前に上様にあったときは、私のこと見えてなかったし…。


「上様、これは私から説明しましょう」

「当然だ」


上様は鋭く蘭丸を睨む。
蘭丸はそれに怯むことなく、これまでのことを話し出した。


「……という次第でございます」

「そうか…。ではわしがあのとき感じた気配は間違いではなかったのだな」

「はい」

「ということは、わしの生まれ変わりはこの少年のようだ」

「私もそう感じておりました」

「そなた、名は? 」



上様はソウの方を向いて聞いた。


「翔真と申します」

「そうか。そこの少女が蘭の生まれ変わりなのだったのだな。名は? 」

「蒼空と申します」

「翔真と蒼空か…。ところでなぜわしは前回蒼空が見えなかったのだ? 」

「それは…、あれ? 今日蘭丸ソウのこと、見えたよね」

「あ、ああ」

「あの、上様。私は生まれ変わりの者同士しか見えないと思っていたんですけど…。どうやら違うようです」

「そうだな。まぁよい。とりあえず2人に出会えたのは何かの縁だろうぞ。
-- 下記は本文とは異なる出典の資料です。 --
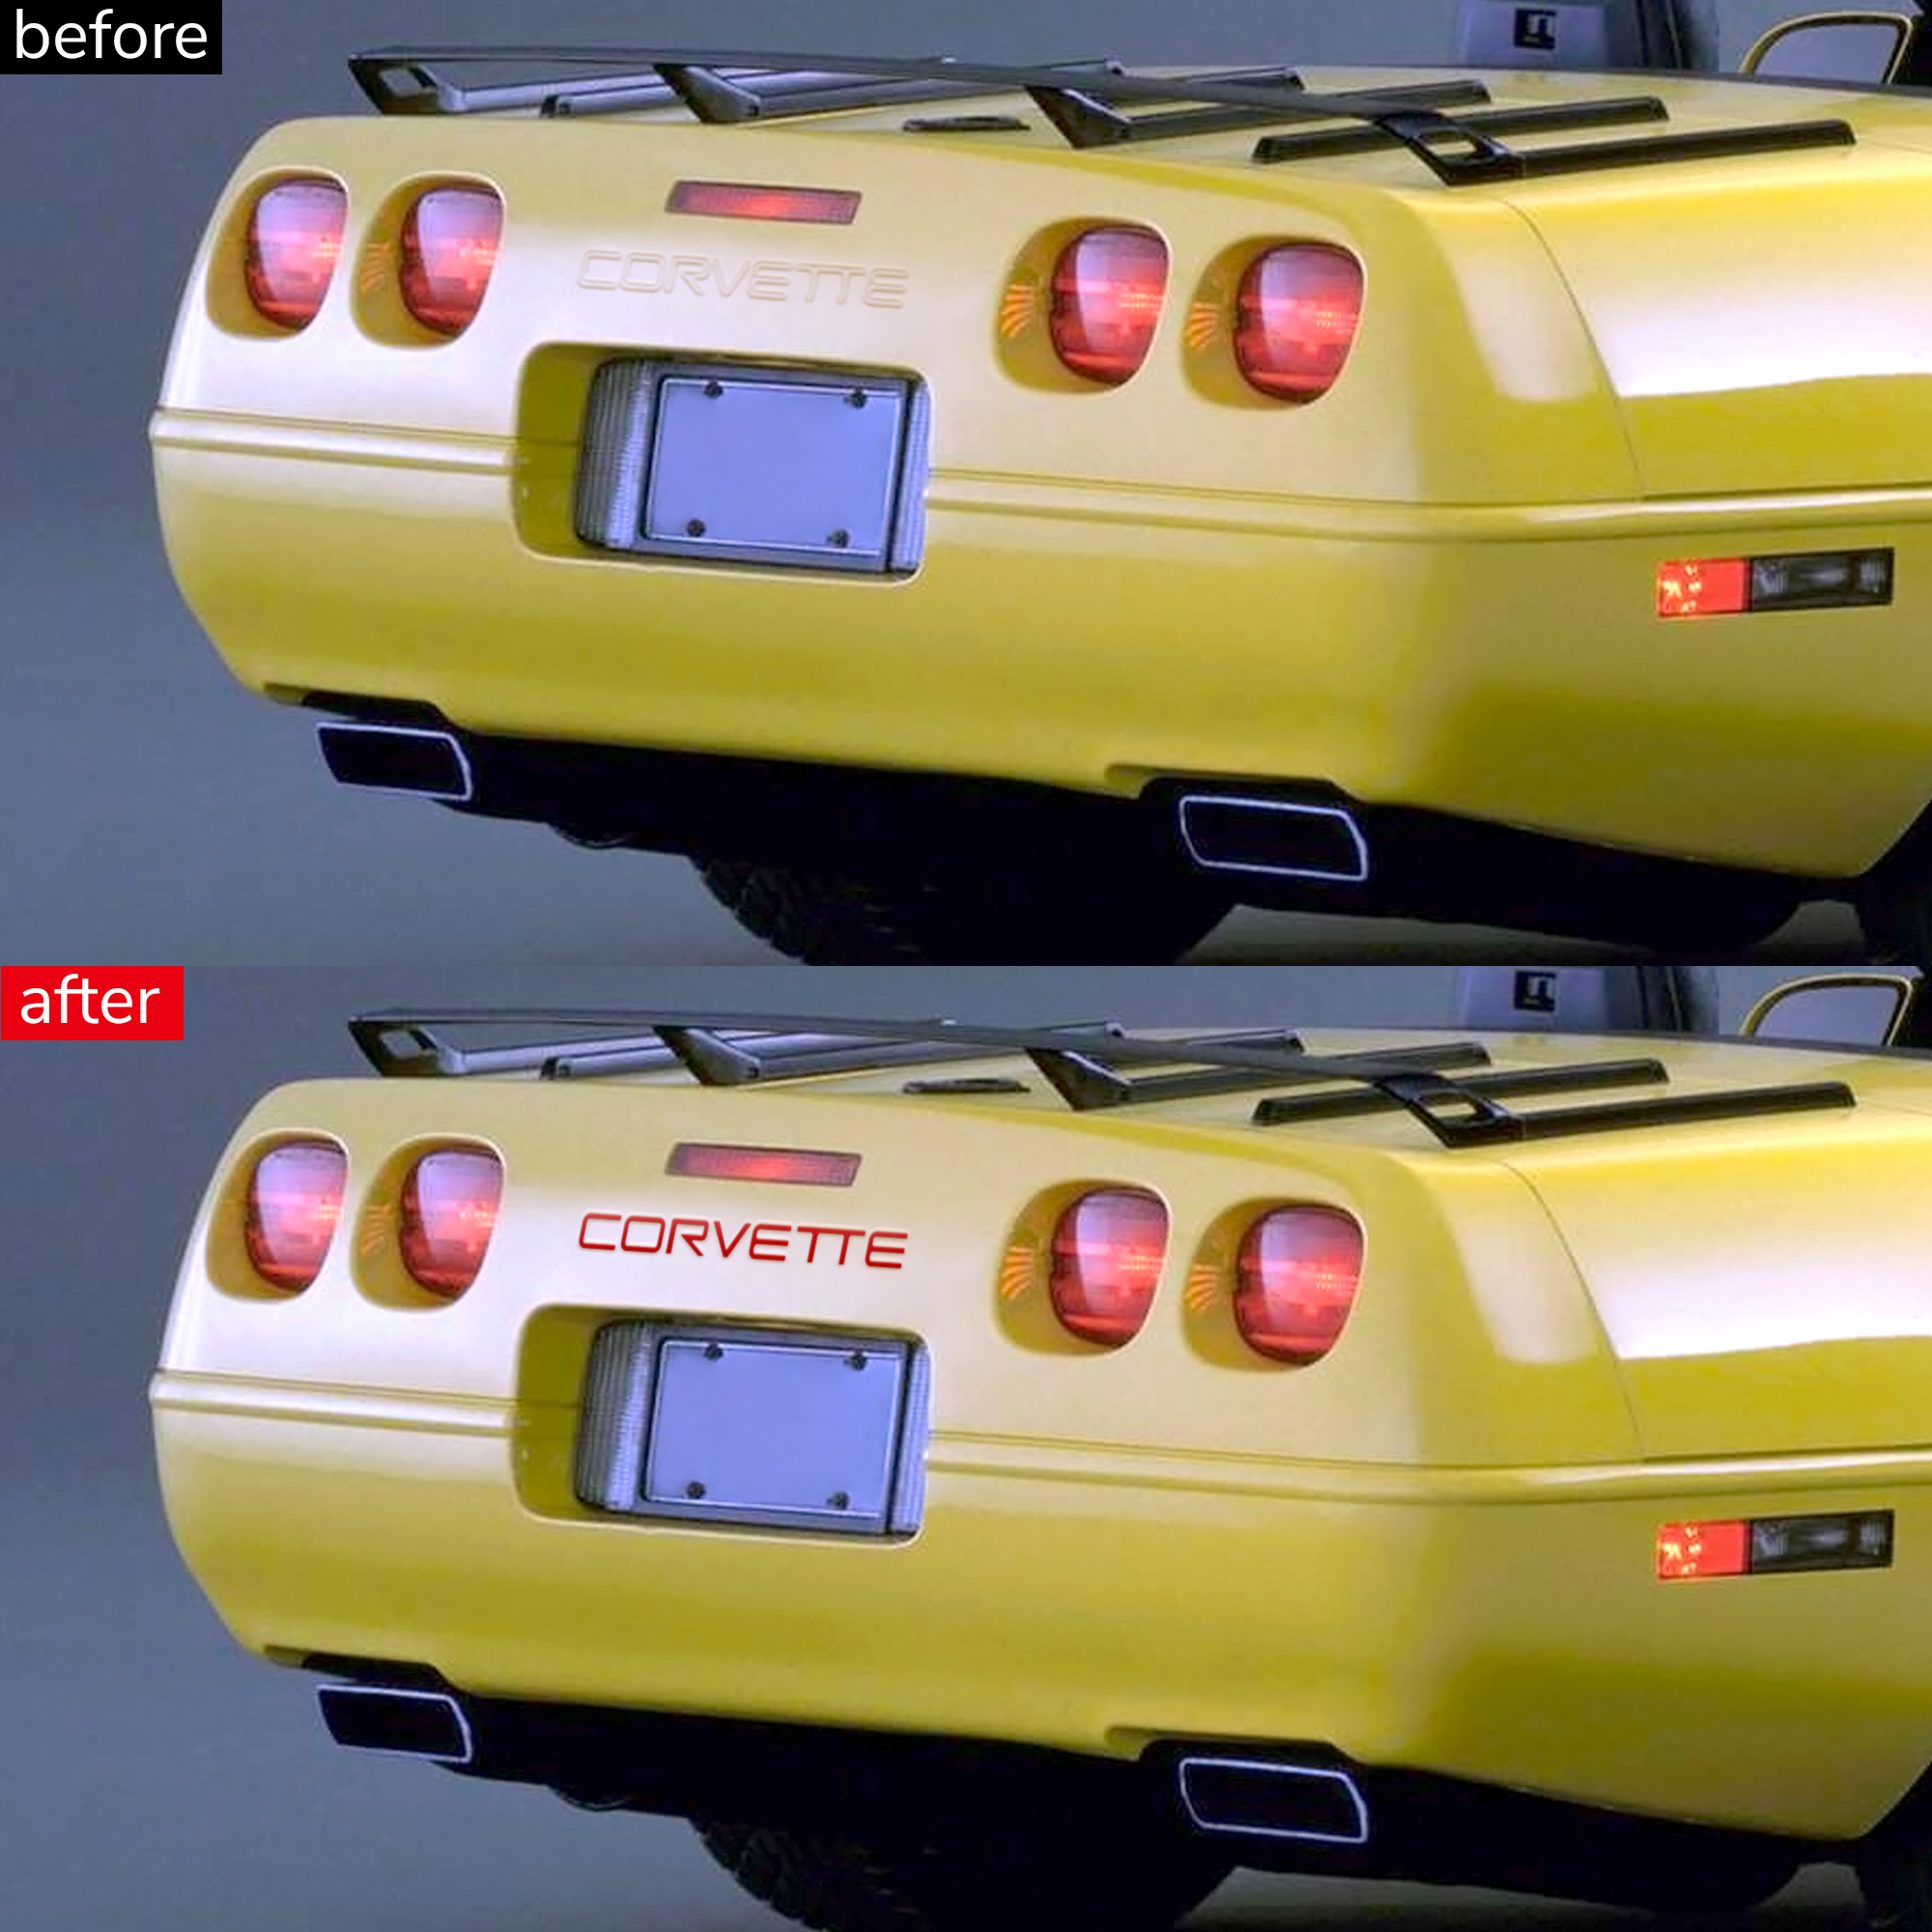 BDTrims Front and Rear Bumper Raised Letters Compatible with 1991-1996 Corvette C4 Models Black

これからも訪れるがよい」

「はい」

「もちろんです」

「ところで翔真とやら、そなたはわしの生まれ変わりゆえ、わしに敬語は使わなくてもよい」

「本当ですか…? いや、本当か? そうしてくれたらとても嬉しい。何よりあなたと距離が縮まったように感じれるからな」

「うぬ。ではわしはそなたを『翔真』と呼ぼう。そなたはわしを『信長』と呼ぶがいい」

「分かった」






なんだか、男の友情芽生えちゃったんですけど…。


ま、いっか。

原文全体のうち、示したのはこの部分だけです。